### Exercise objective
Return the whole listing, line for line, without the pictures in it.

### Dataset excerpt
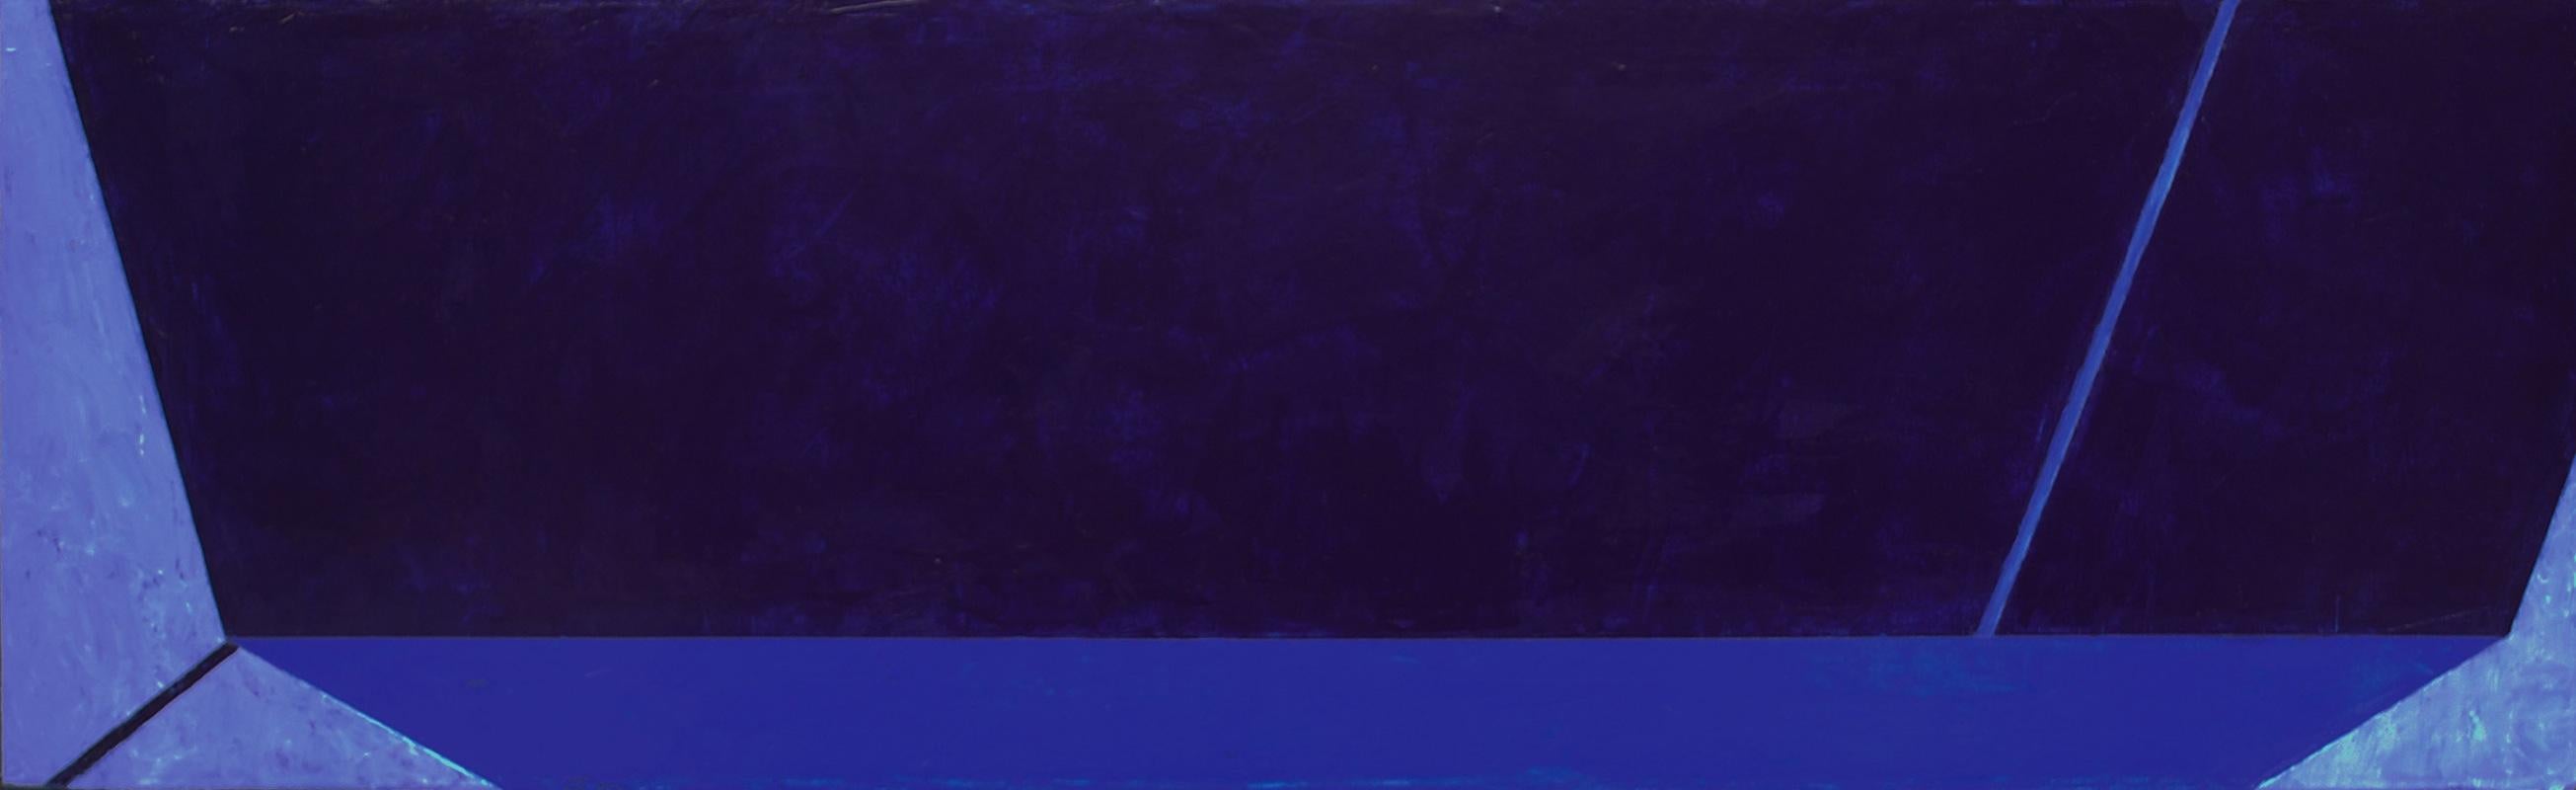 Macyn Bolt, Shift IV, 2018, Minimalist, acrylic on canvas, 16 x 20 x 2 inches For Sale 6
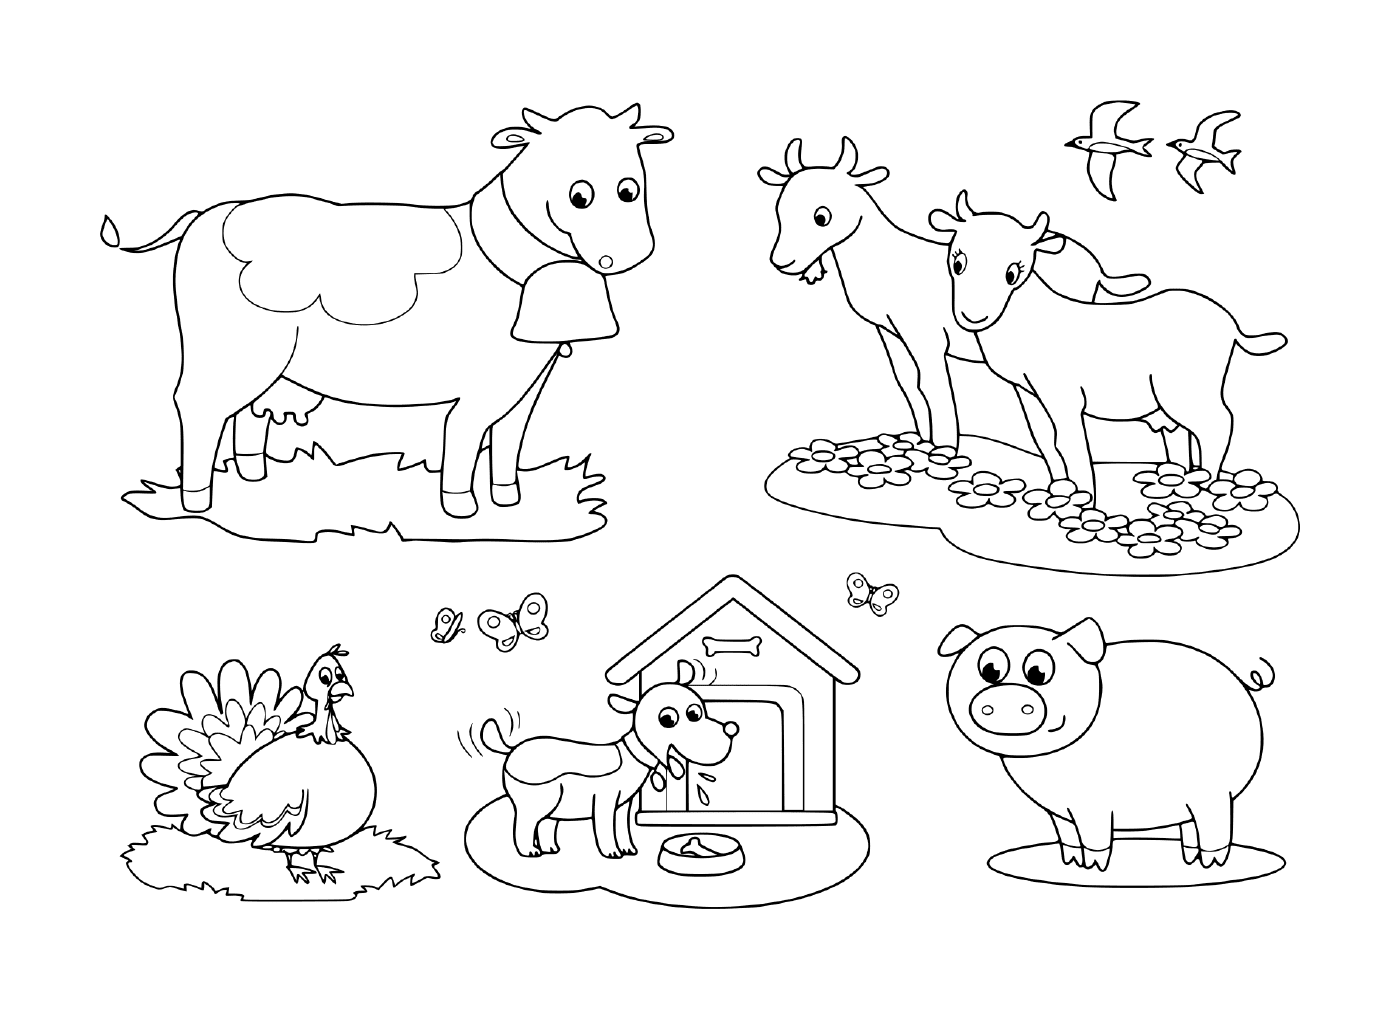  группа сельскохозяйственных животных, включая козла, корову, свинью, индейку, собаку и глотку 
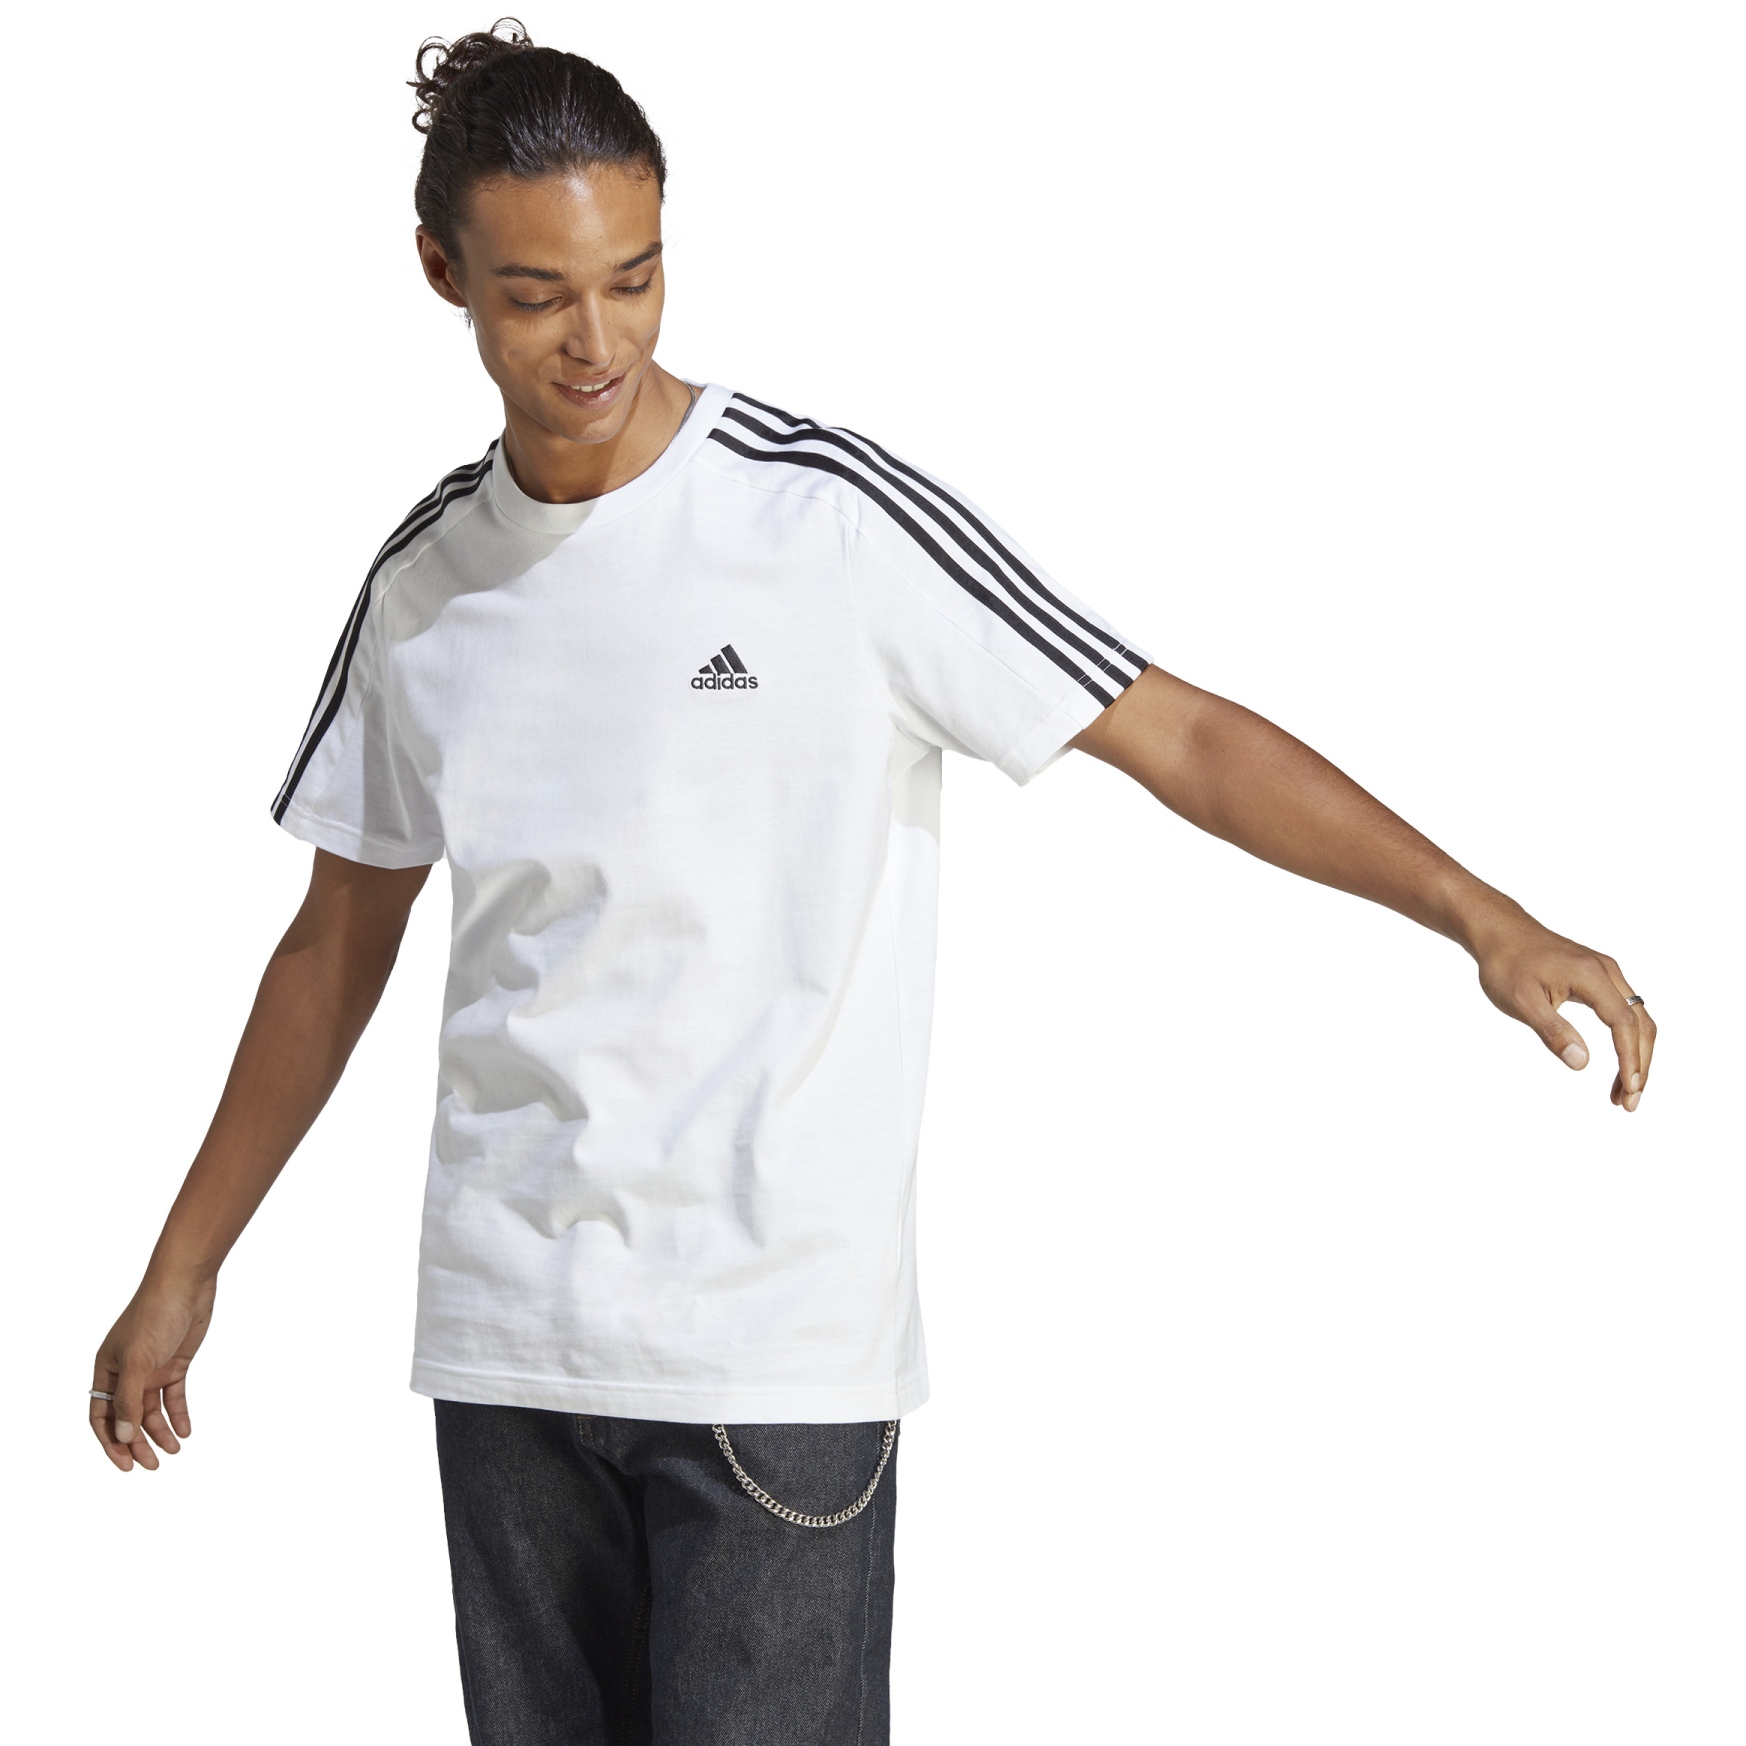 overvældende meget fint evne adidas Essentials Single Jersey 3-Stripes T-Shirt Men - white/black IC9336
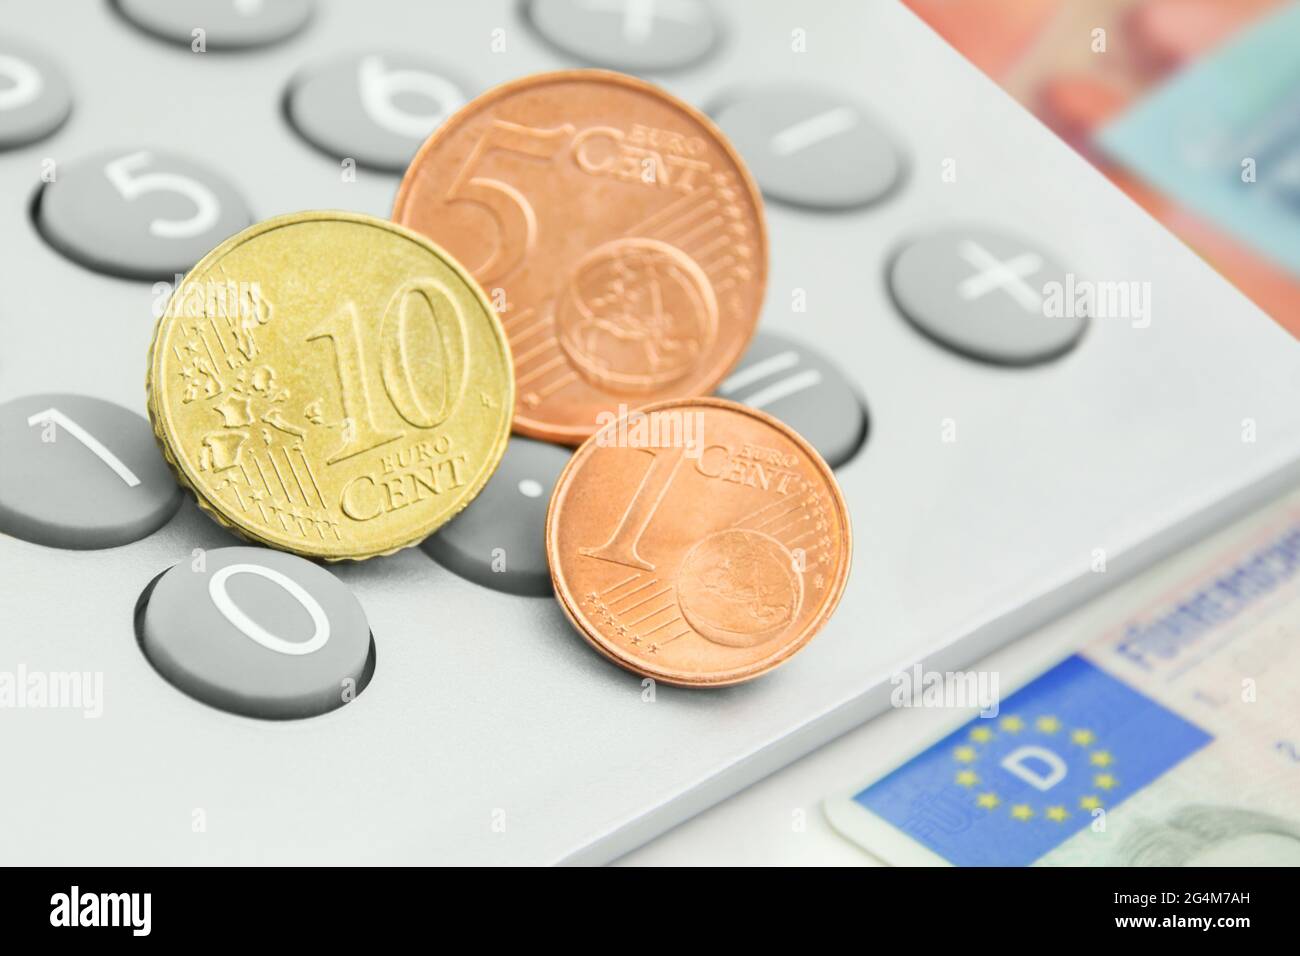 Calculadora y 16 céntimos de euro con permiso de conducción alemán  Fotografía de stock - Alamy

### Problem solution
 Macyn Bolt, Shift IV, 2018, Minimalist, acrylic on canvas, 16 x 20 x 2 inches For Sale 6
  группа сельскохозяйственных животных, включая козла, корову, свинью, индейку, собаку и глотку 
 overvældende meget fint evne adidas Essentials Single Jersey 3-Stripes T-Shirt Men - white/black IC9336
 Calculadora y 16 céntimos de euro con permiso de conducción alemán  Fotografía de stock - Alamy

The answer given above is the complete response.